Вот и хорошо, подумал Егоров, меньше будешь глаза мозолить.
И точно, Михаил в тот вечер из своей комнаты не вышел. Так и дальше пошло, встречались лишь за завтраком да за ужином, словно и не было в квартире постороннего. Тревога Егорова прошла, он уже не ждал козней от квартиранта и не мог понять, чем же Михаил так достал Семенова. Единственное, что не нравилось Егорову в квартиранте, так это его постоянное «Спасибо!», которое вылетало из Михаила по всякому поводу. Поел – спасибо, подали кружку с чаем – спасибо… Колька, глядя на него, тоже заспасибничал. Нет, не нравилось это Егорову, получалось, что он по сравнению с квартирантом больно некультурный. Но поразмыслив, Егоров решил, возможно, и он, живи у кого на квартире, тоже бы, наверное, спасибничал. А, может, и нет. Тут от человека зависит, нравится ему корчить из себя культурного, пусть корчит.
А вскоре Михаил заступил на ночную смену, и назавтра, вернувшись с работы, Варвара с удивлением спросила:
– Это кто такую чистоту навел? – и посмотрела на Егорова.
Тот лишь плечами повел, он даже и не заметил, что прибрано.
– Мы! – гордо ответил Коля. – Вместе с дядей Мишей.
– Все равно без дела маюсь, – как бы оправдываясь, сказал Михаил, появляясь из своей комнаты.
– Я не против, но как-то неудобно, – подняла плечи Варвара.
– Мам, здорово, да? – разрядил неловкость Коля, ожидая от матери похвалы.
– Очень здорово! Молодец!
А за ужином Михаил предложил:
– Я завтра могу ужин сготовить, вы скажите что.
– А что хотите, то и готовьте. Мясо и рыба в холодильнике, картошка в коридоре, остальное здесь, на кухне.
Егоров промолчал, но подумал, к Варваре что ли подкатывает, если что, сразу шею сверну.
Михаил зафаршировал щуку, Егоров еще такого не ел, но хвалить не стал, не попросил и добавки, хотя хотелось. А Варвара на похвалу не поскупилась и тут же стала выспрашивать, что да как, в какой последовательности. Похвалил и Коля:
– Здоровска! Ну ты, дядя Миша, даешь! – похвалил, но не забыл и об отце. – Папа тоже умеет варить вкусно.

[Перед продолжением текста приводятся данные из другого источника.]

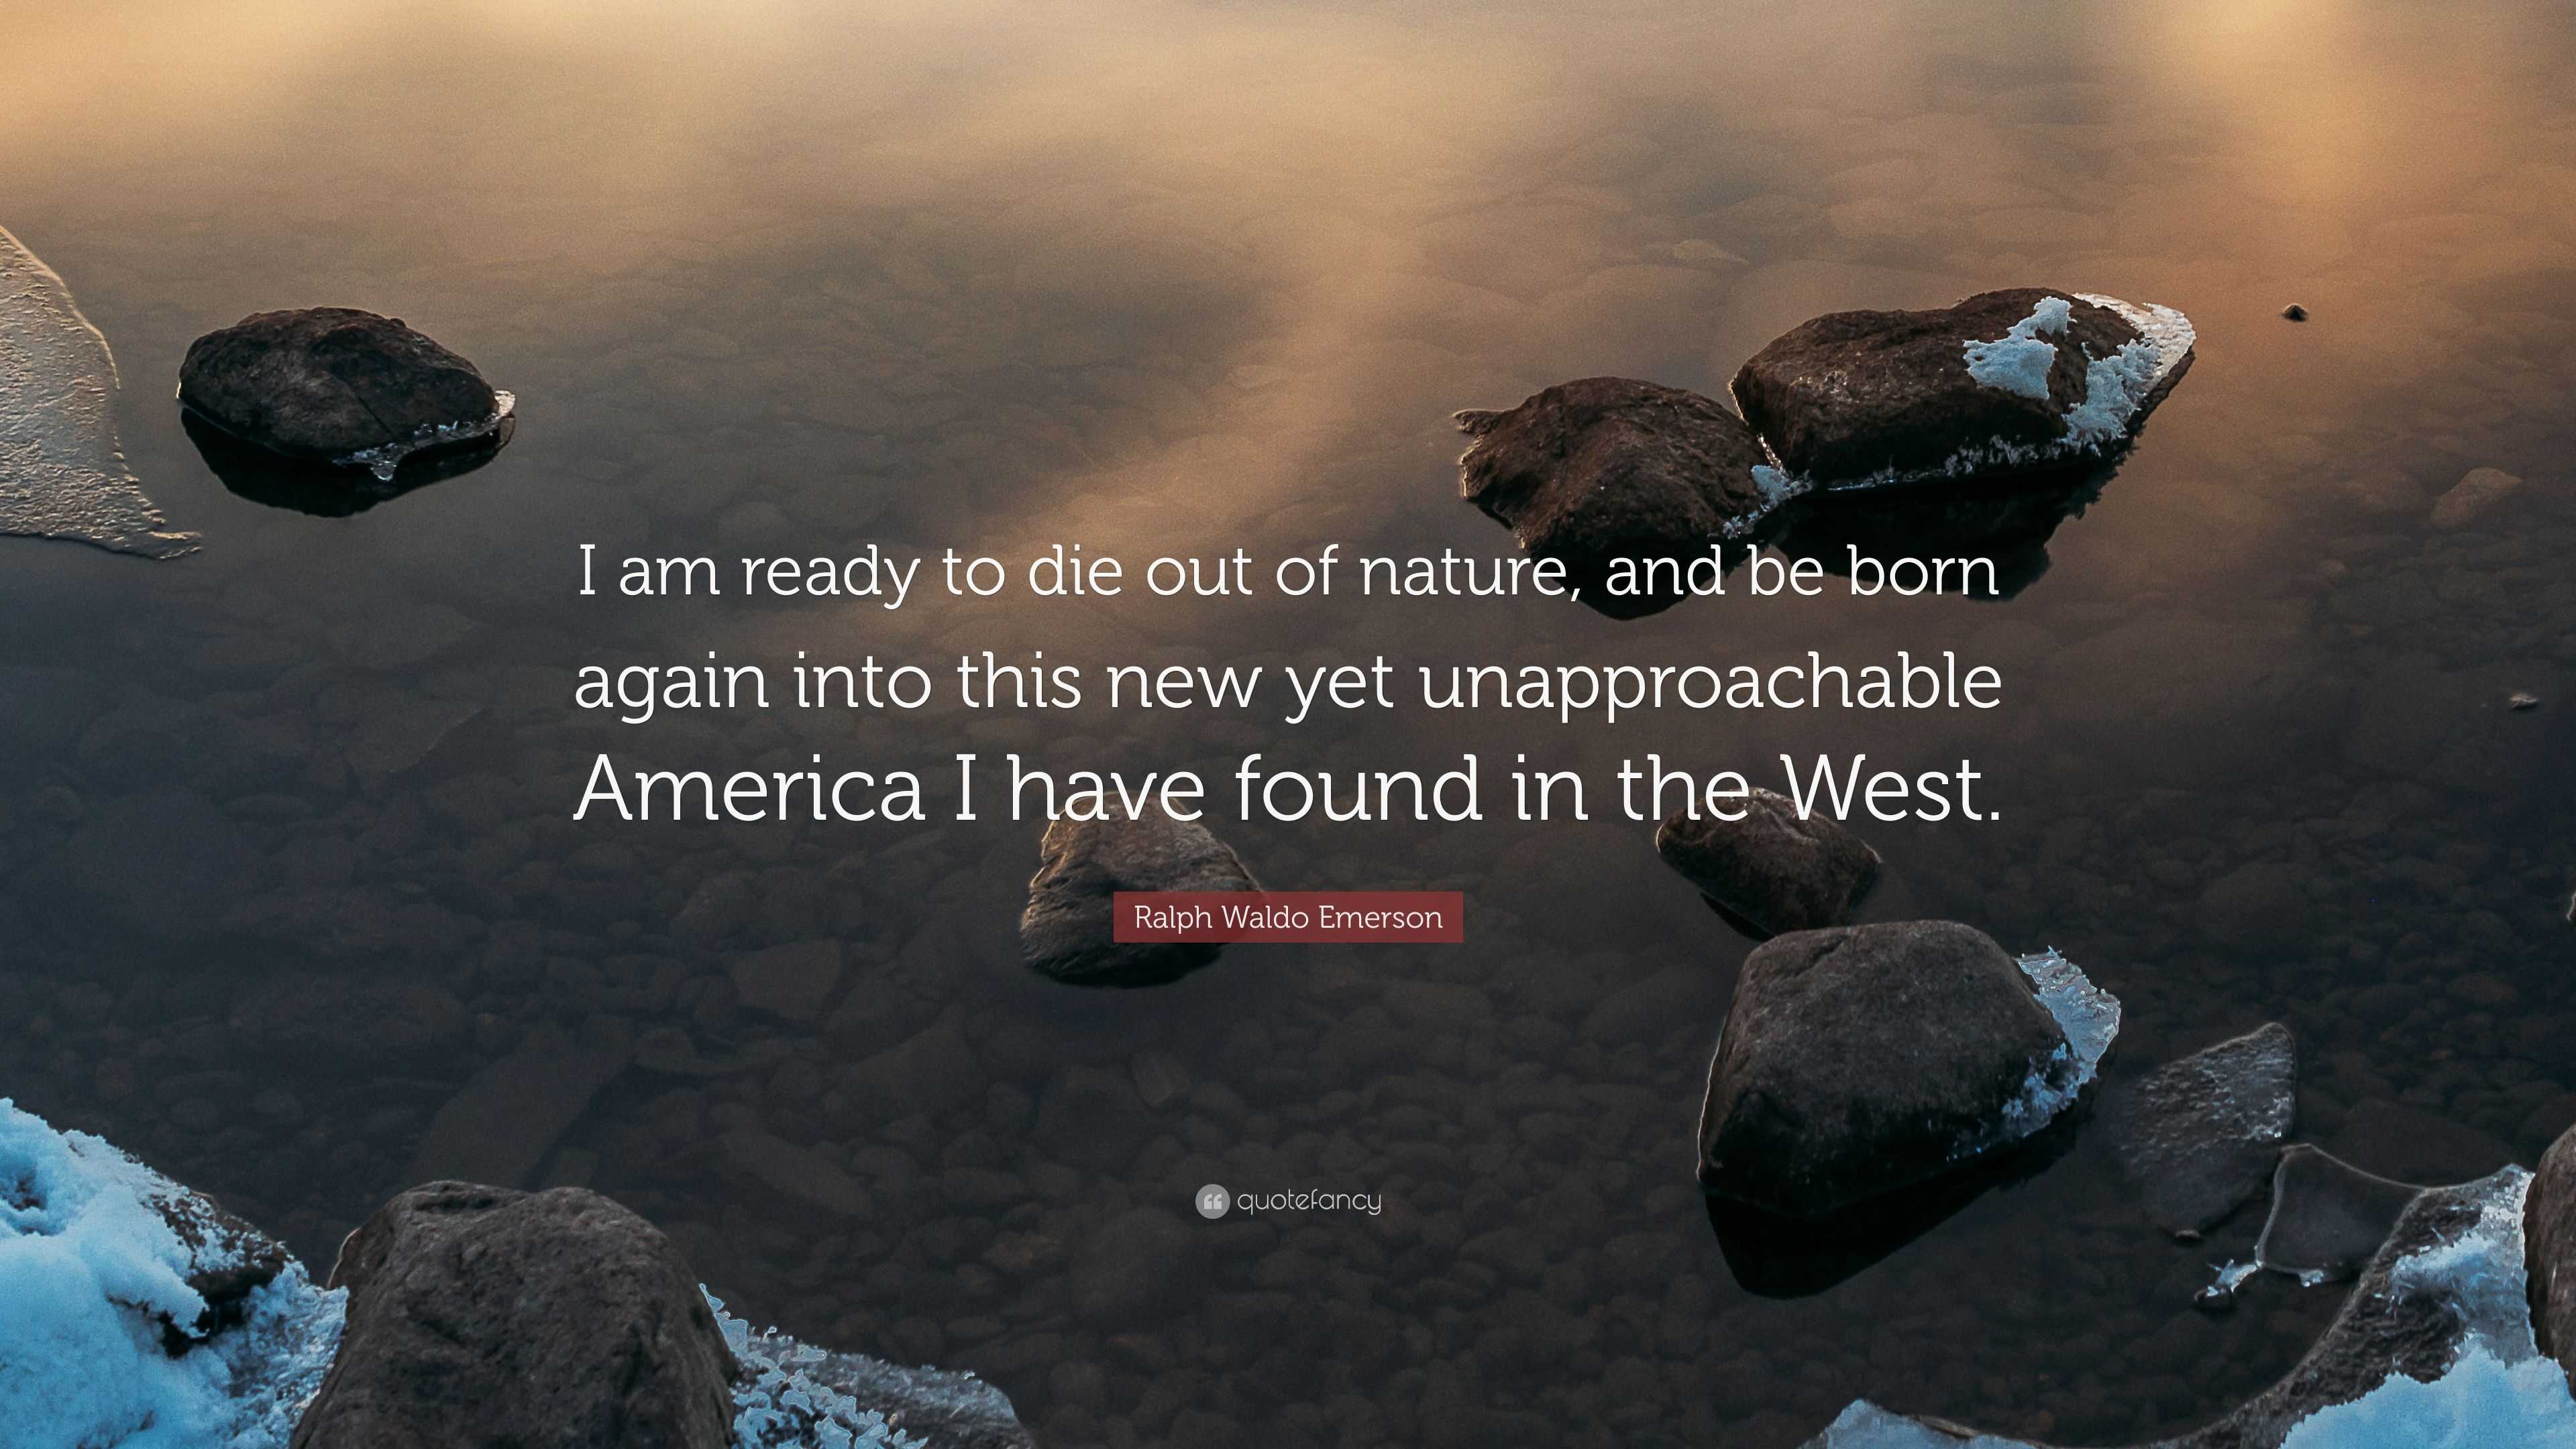 https://quotefancy.com/media/wallpaper/3840x2160/4245757-Ralph-Waldo-Emerson-Quote-I-am-ready-to-die-out-of-nature-and-be.jpg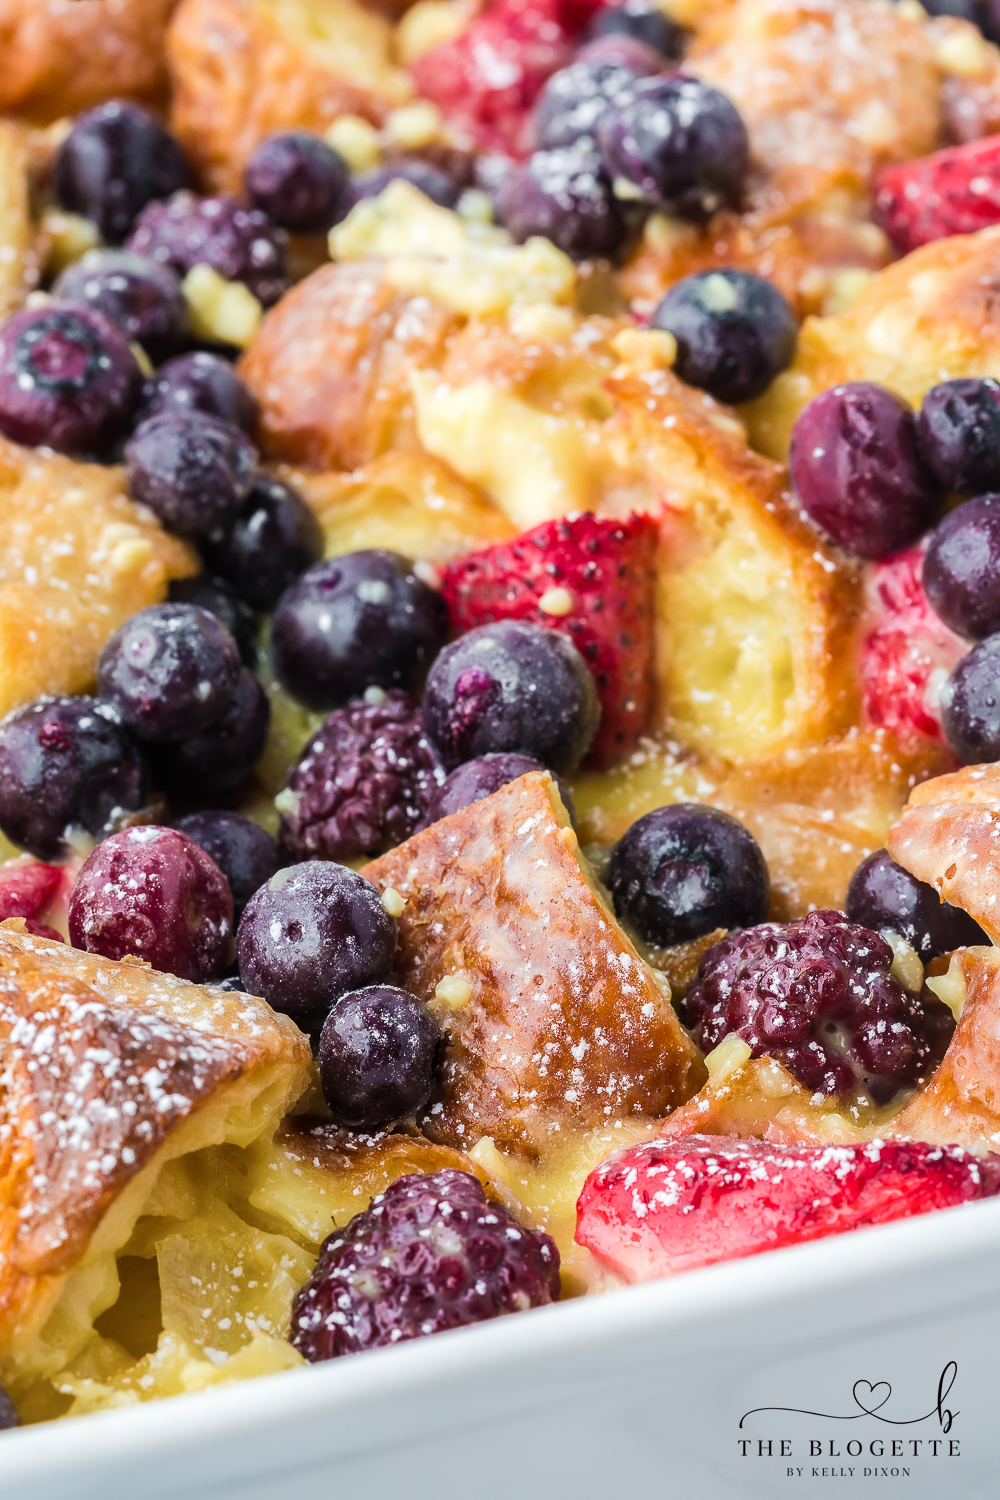 Make-ahead Berry Croissant Bake recipe is perfect for a weekend brunch or special occasion breakfast.

– Умеет, – усмехнулась Варвара.
Егоров на ее усмешку лишь поиграл желваками на скулах. А что скажешь? Поджарить картошку да сварить макароны, вот и все его кулинарное искусство.
А квартирант умел не только фаршировать щуку и варить отменный борщ, но и стряпать. Это выяснилось, когда он испек торт, который привел в восторг не только Колю, но и Варвару.
После этого, чтобы ни готовила Варвара, обязательно советовалась с квартирантом, только и слышалось из кухни их бубнение. Варвара даже телевизор стала реже смотреть, все не могла наговориться с Михаилом.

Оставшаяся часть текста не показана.